Jim Esposito will be charged with helping the firm — once Wall Street's most profitable trading house — regain some of its former glory.
David Solomon, Goldman Sachs ' incoming CEO, is wasting no time getting his house in order.
Solomon, who takes over for current CEO Lloyd Blankfein on Oct 1., will name Jim Esposito global co-head of the firm's trading division as soon as Monday, according to a person with knowledge of the plans.
Esposito, a partner who was co-chief operating officer of the bank's fixed income business, will join Ashok Varadhan as leaders of the trading organization, one of the largest on Wall Street. In June, Varadhan's former co-heads Pablo Salame and Isabelle Ealet departed — leaving at least one opening at the top of the business, which is typically led by two or more executives.
The two trading co-heads will be charged with helping the firm — once Wall Street's most profitable trading house — regain some of its former glory. While Goldman traders produced about $33 billion in revenue in 2009, the firm has struggled to adjust to the post-financial crisis environment, and it produced only about a third of that amount last year.

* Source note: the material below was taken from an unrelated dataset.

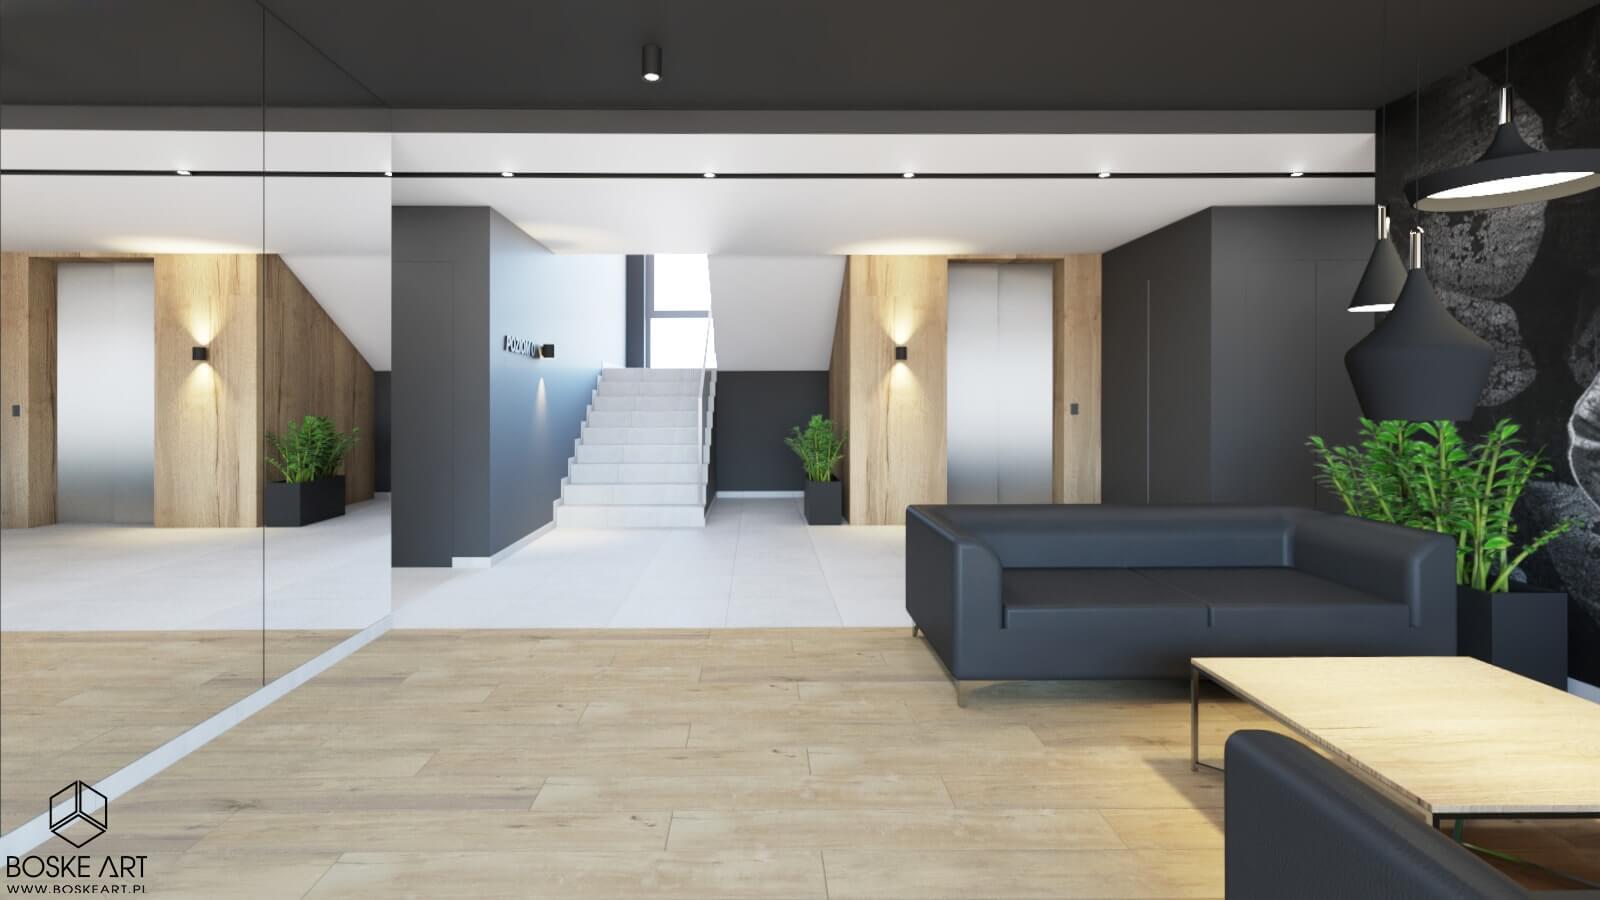 4_apartamenty_poznan_boske_art_strefa_wejsciowa_projektowanie_wnetrz_architektura_natalia_robaszkiewicz-min

In the meantime, rivals including J.P. Morgan have gained market share, helped by a more diverse set of clients than Goldman. In other cases, competitors have revamped business by cutting traders, such as Morgan Stanley 's move to cut one-fourth of its bond division in late 2015.
Esposito has previously served as chief strategy officer of the securities division, and co-head of global fixed income sales. He joined Goldman in 1995 as a salesman for emerging markets debt. Esposito's promotion was first reported by the Wall Street Journal.
Since being formally named Blankfein's successor last month, Solomon has added three women to the firm's powerful management committee, and has proposed the company's first potential Investor Day to give the Street clear financial objectives.